YouTubeでは意外とセルのモーツァルトが聴けない。
良い音質で聞けるのは39番くらいだ。しかしこれが素晴らしい。
セルは終戦直後からクリーブランドの常任になって、それから死ぬまで常任を勤めた。
50年前後の演奏が今ではかなり聞ける。これもいいのだが相当硬い。ゴリゴリと鍛え上げたという感じがする。
いわば凄腕の軍楽隊だ。
それが50年代の末から明らかにメジャーになるにつれて、ほっこりとしてくる。

しかし本当にすごいのは65年以降、死ぬまでの5年間だろう。楽団の自発性が全く違ってくる。おそらく最後の5年間は棒振りしているだけで、コンマスがほとんど仕切っていたのではないだろうか。
39番を聞いていると、すべてのパートがまるで弦楽四重奏団のように、ブレスまで揃えて弾いているようだ。
僅かなルバートのところまで全く乱れがなく、しかもすべてのパートが乗っている。
前に紹介した協奏交響曲も素晴らしいが、もう少し前のものだろう。
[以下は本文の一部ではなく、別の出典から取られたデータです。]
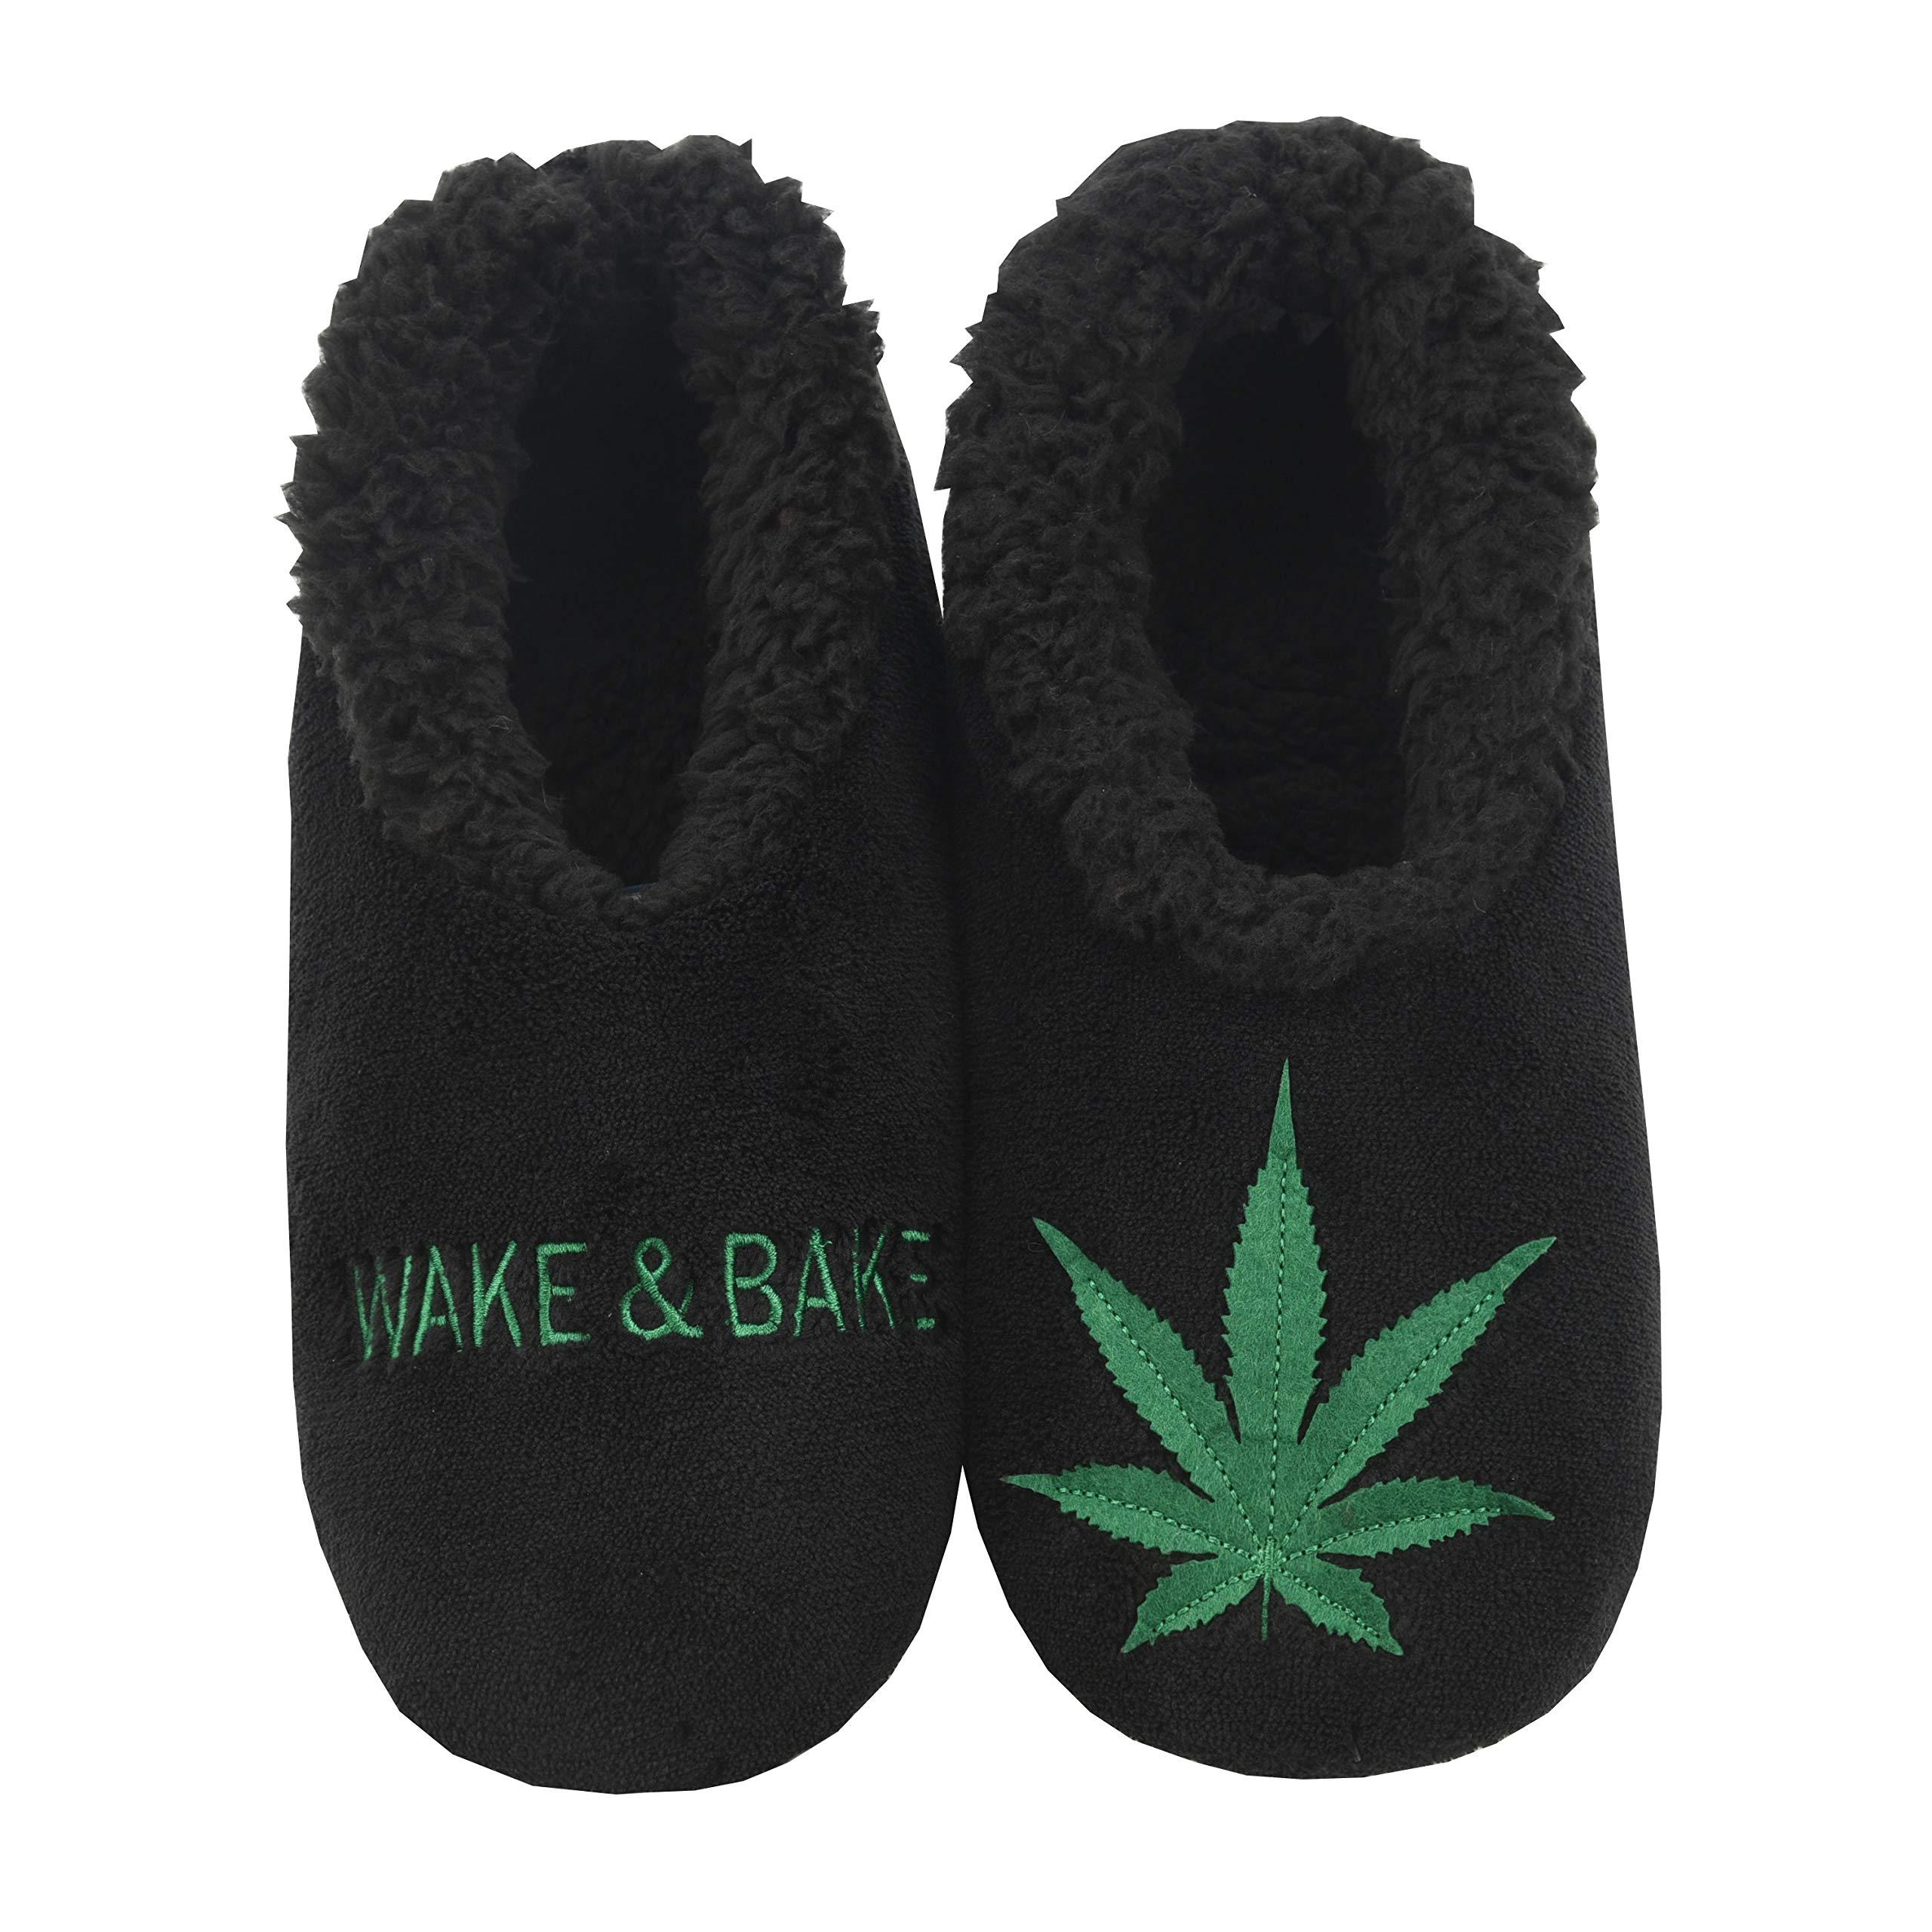 Snoozies 420 Mens Slippers | Slippers for Men | Wake & Bake | Large

セルの意図がかなり前面に出ていて、それを一生懸命こなしている感じだ。
伸びやかさにおいては39番がはるかに上を行っている(と言いつつ、これがいつ頃の演奏なのか知らないのだが)。
もうひとつ40番のライブがUPされている。70年の定期演奏会のエアチェックのようだ。これは音がくぐもっていてひどいが、内容は素晴らしい(なんとなくフルベン・フリークみたいな言い方になってしまうが)。
この演奏をいい音で聞いてみたいものだ。さらに欲を言えば、41番の終楽章を聞けないものだろうかと思っている。